- _PROBLEM REQUIREMENTS_: What you give back from the listing below should be an exact copy of the lines from the one with "美國求職Networking才是王道? 從零到一交際技巧開箱中" down to the one with "Зенькович Н.А. ЦК", and it should contain no pictures.

- _DATA IN THIS EXERCISE_:
+---+

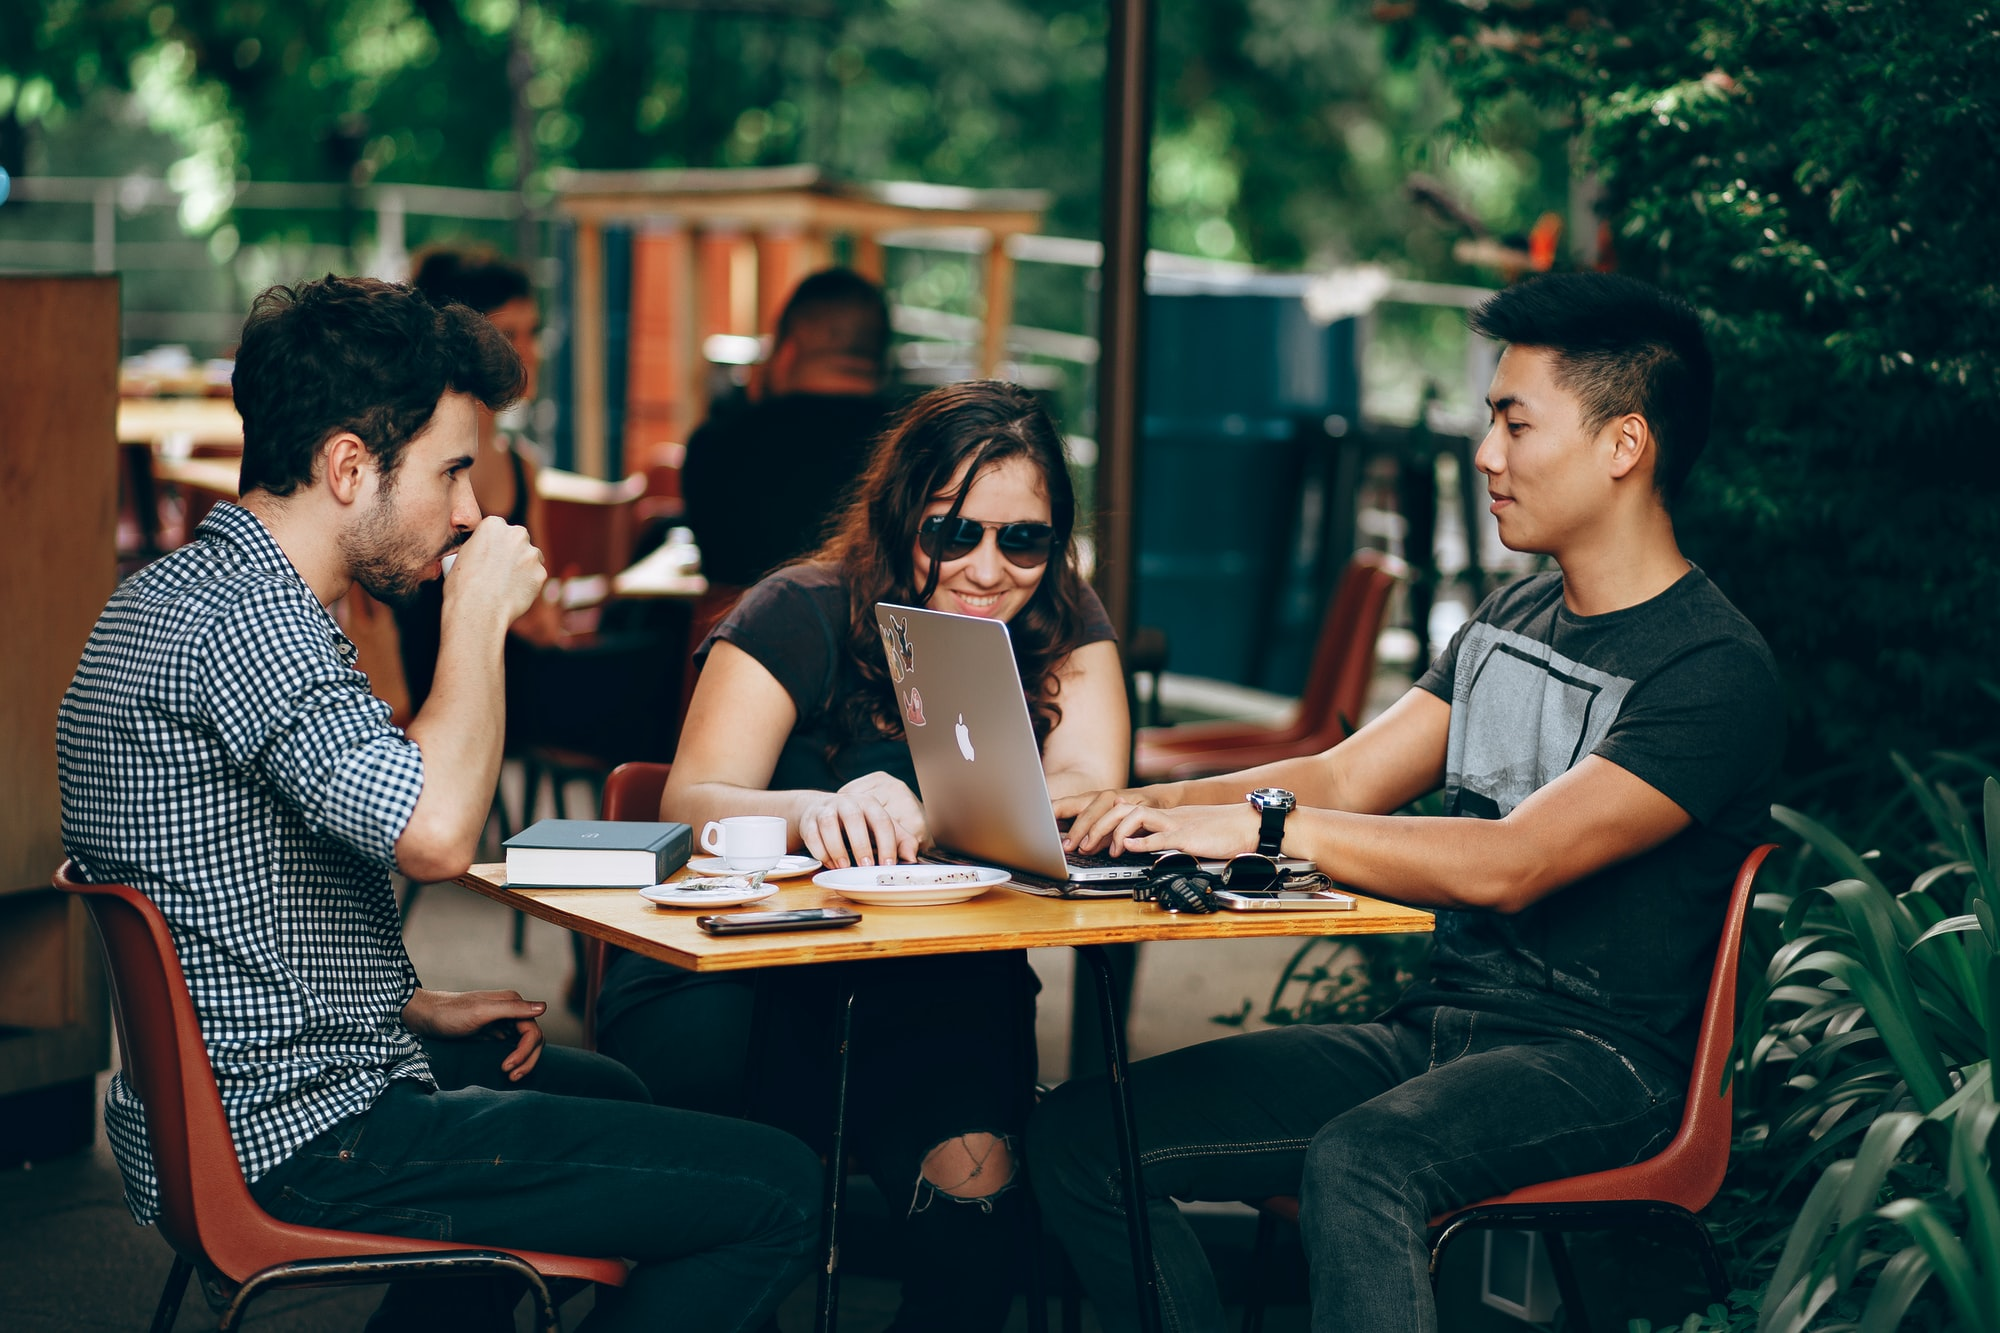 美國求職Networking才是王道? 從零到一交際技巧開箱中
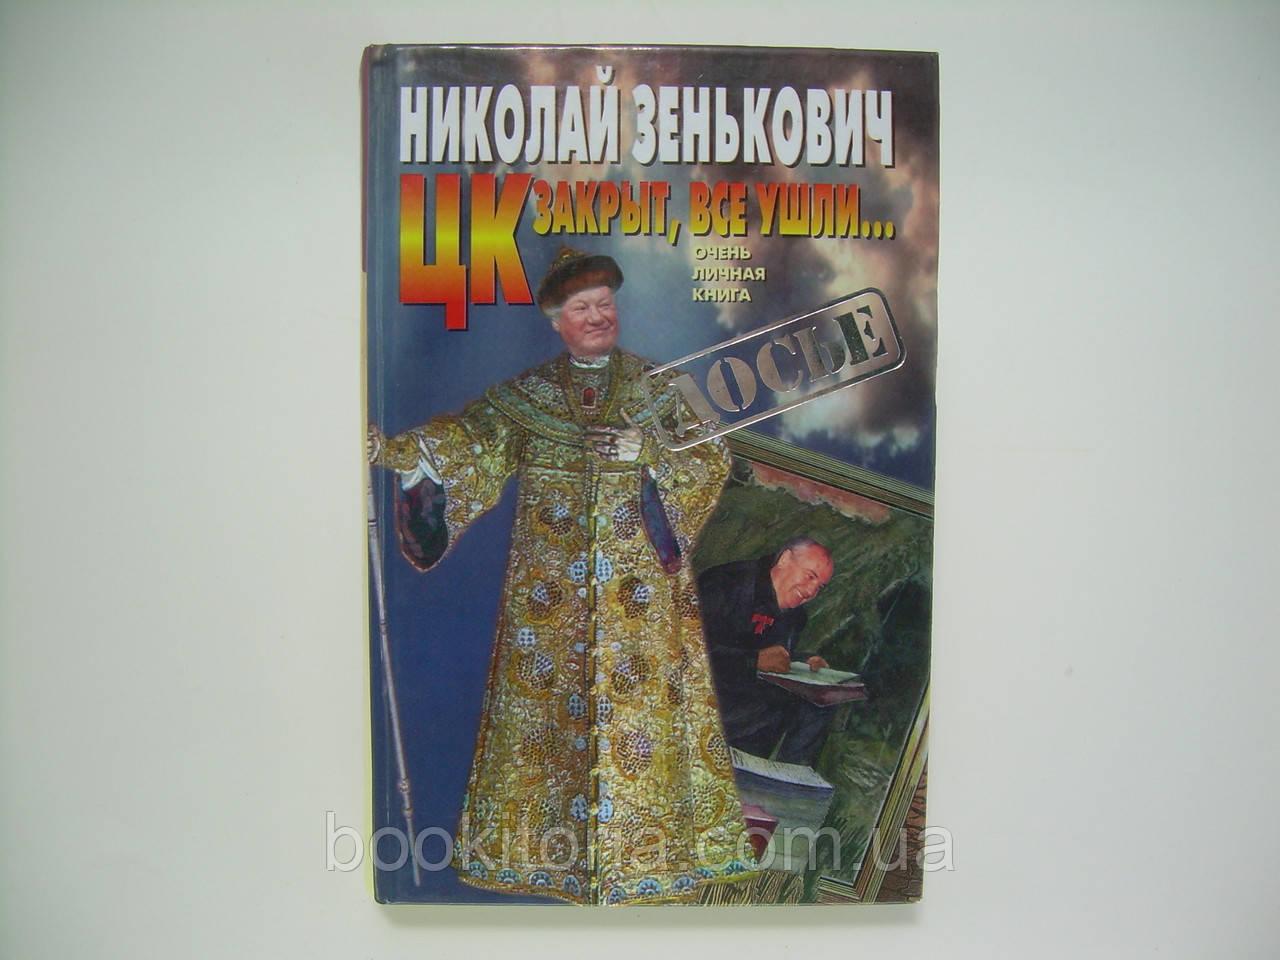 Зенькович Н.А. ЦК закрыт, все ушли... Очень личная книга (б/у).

+---+

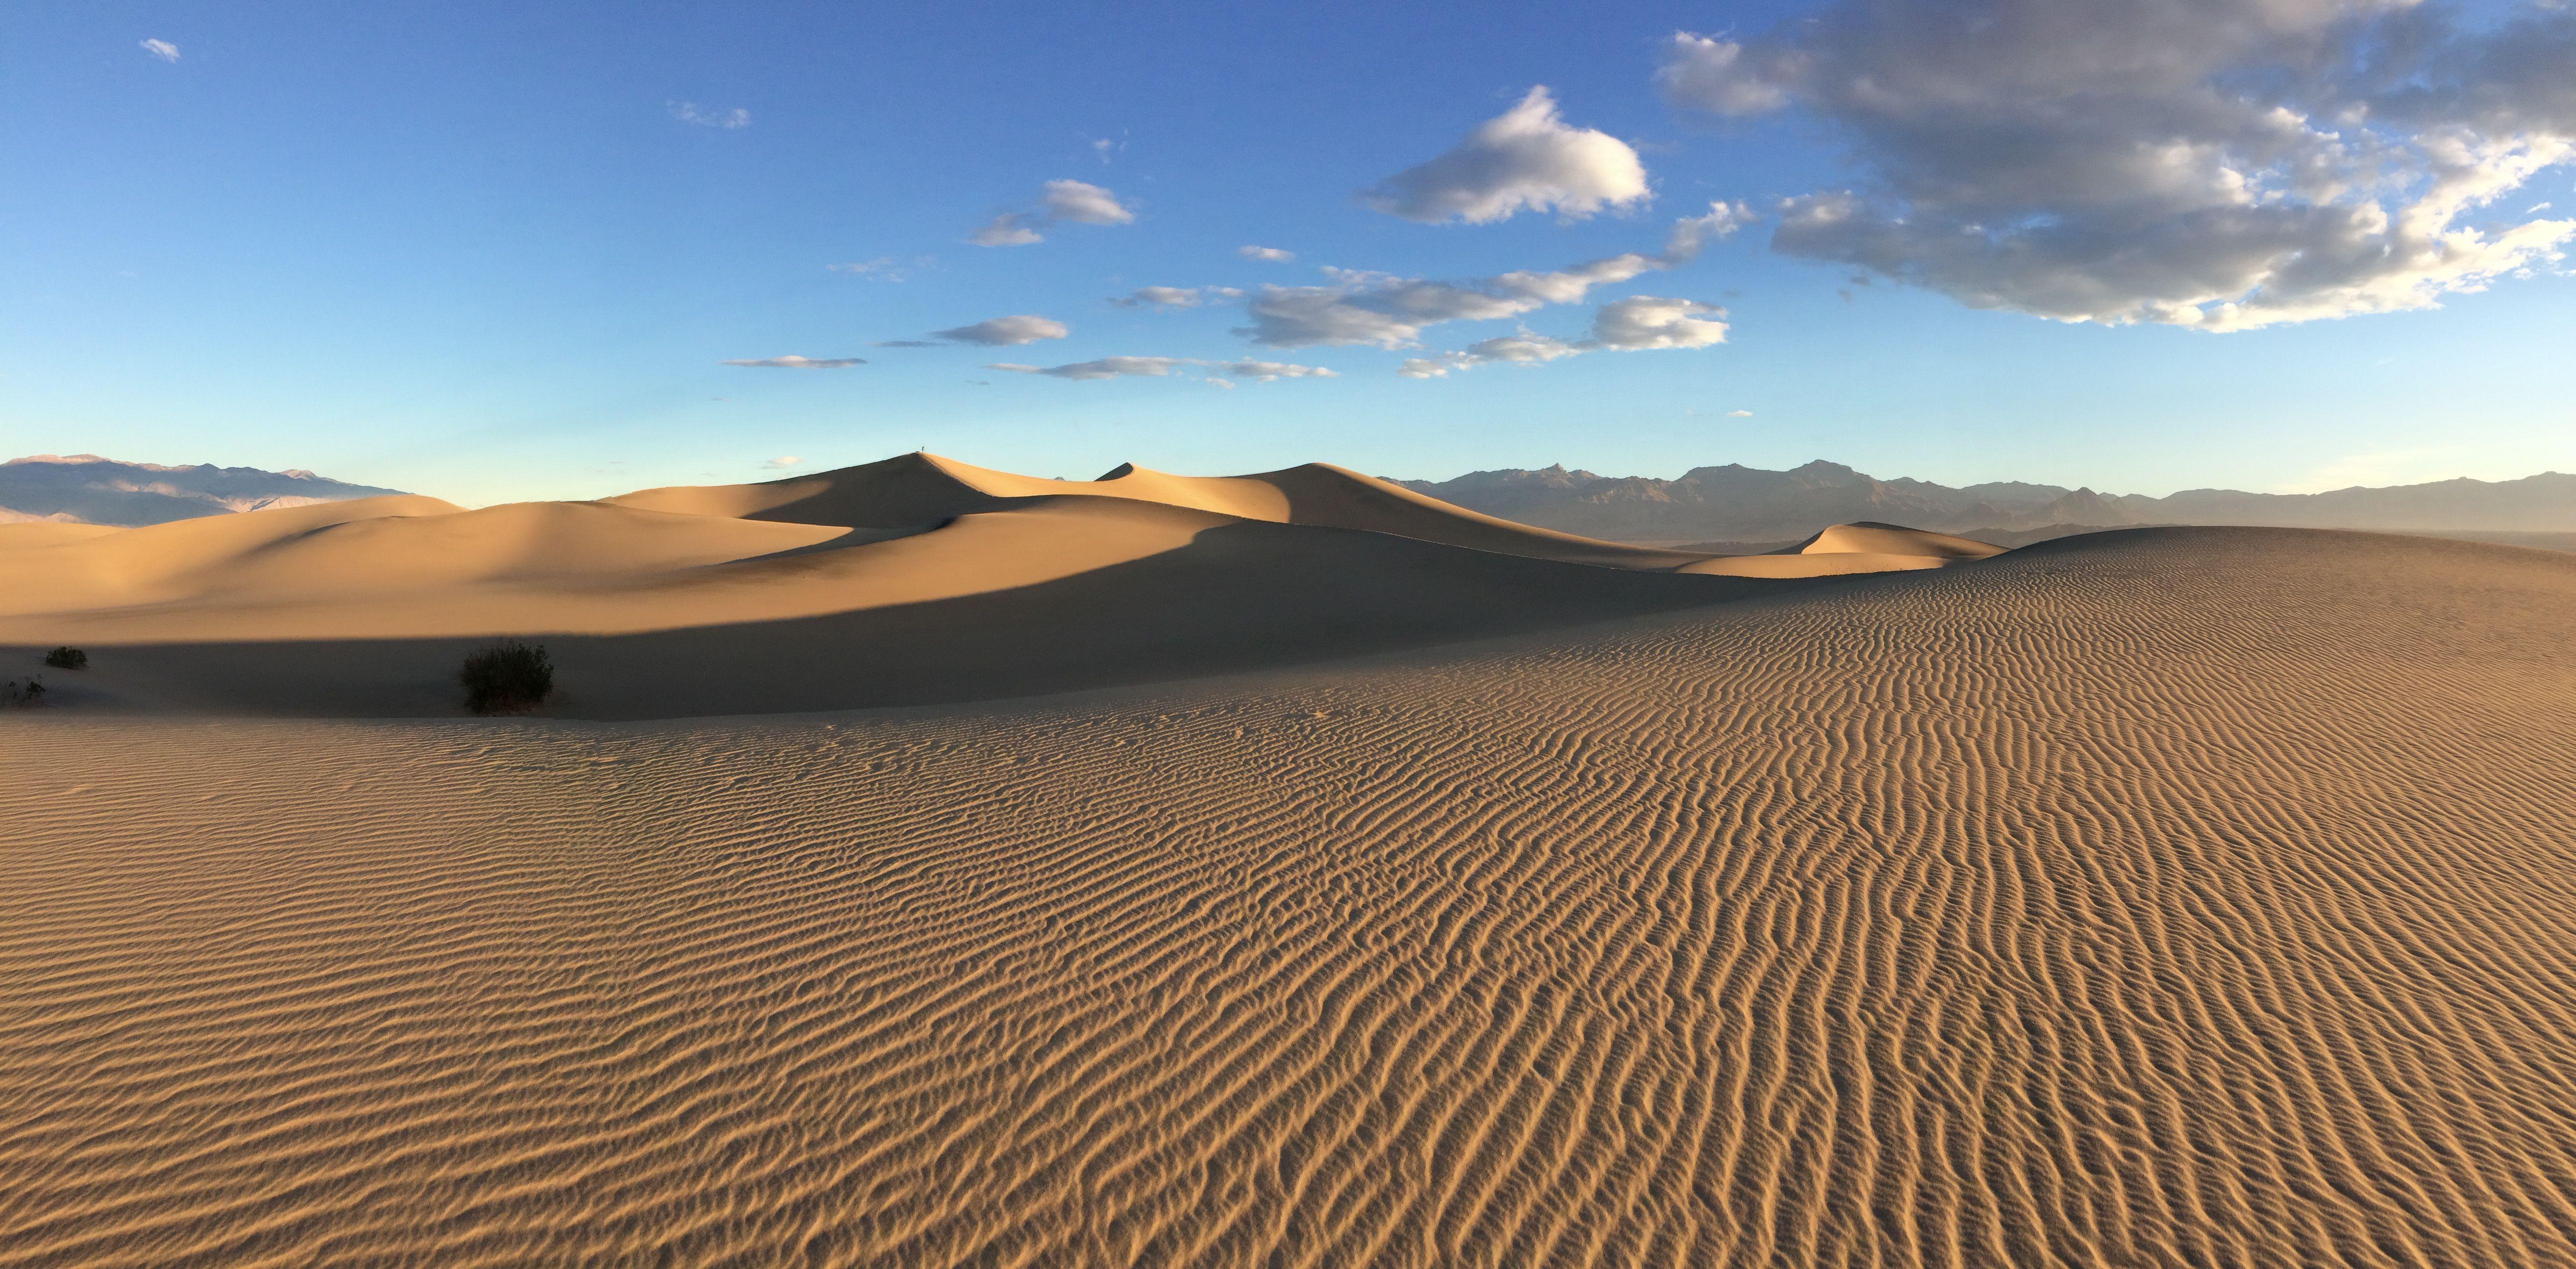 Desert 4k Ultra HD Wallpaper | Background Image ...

+---+

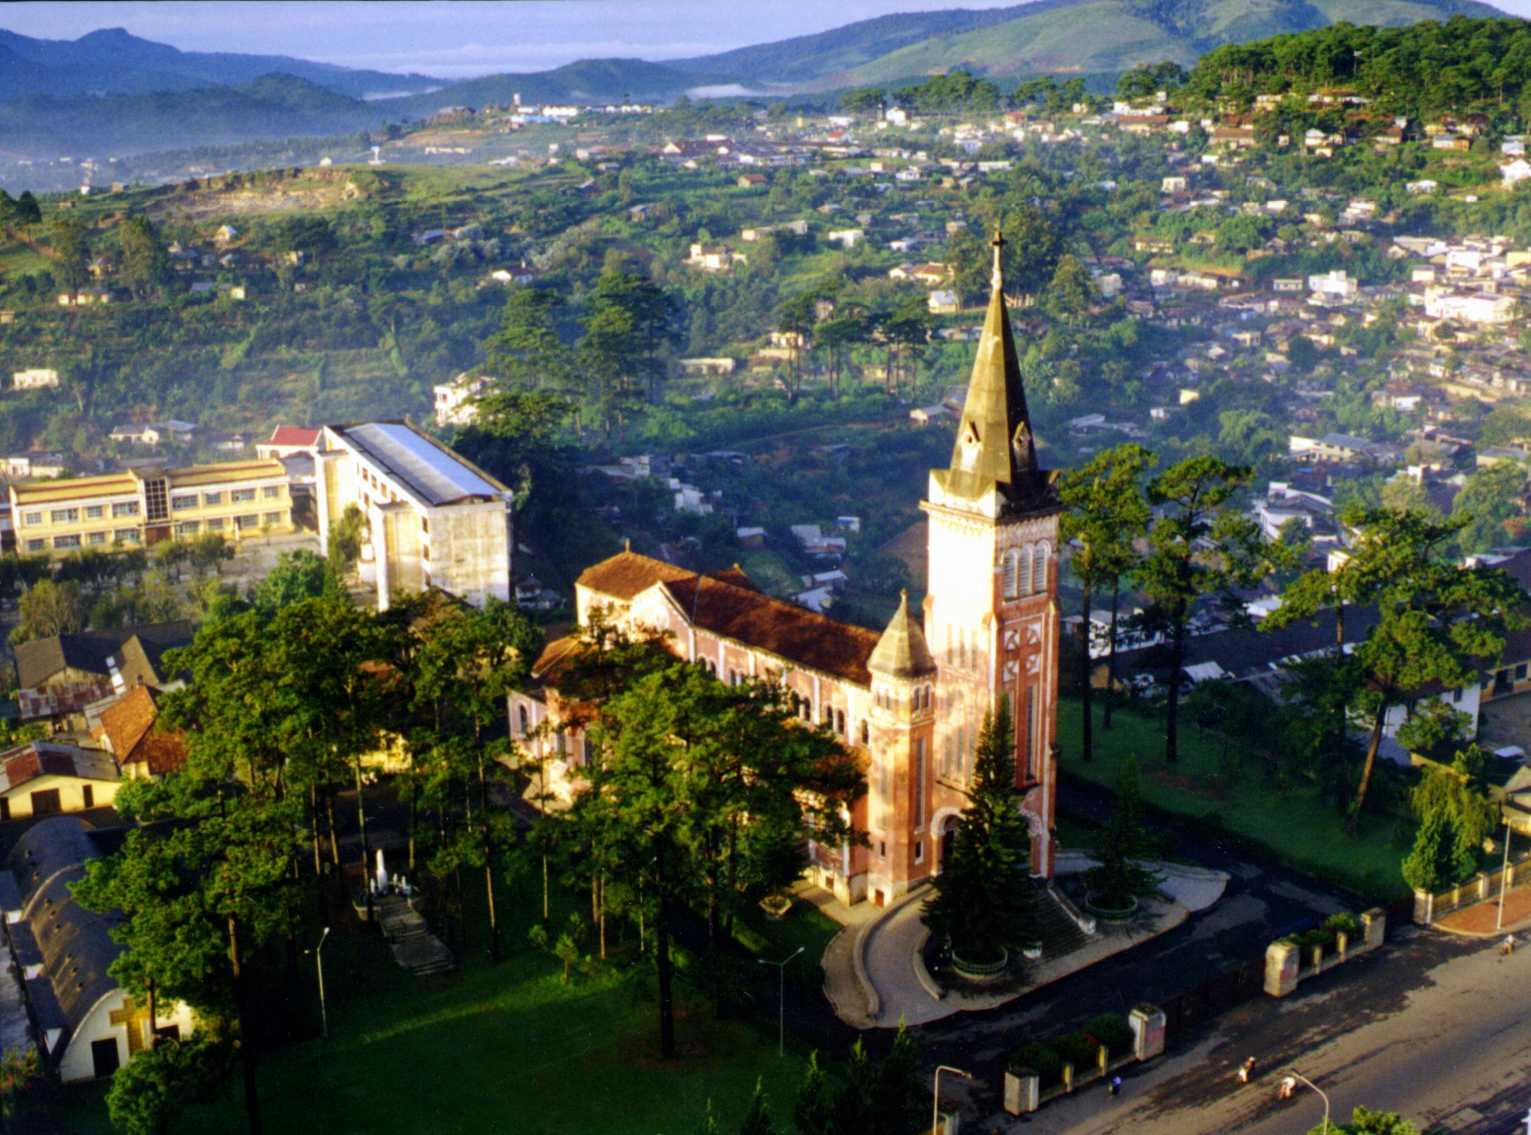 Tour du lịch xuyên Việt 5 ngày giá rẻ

+---+

- _SOLUTION TO THIS PROBLEM_:
 美國求職Networking才是王道? 從零到一交際技巧開箱中
 Зенькович Н.А. ЦК закрыт, все ушли... Очень личная книга (б/у).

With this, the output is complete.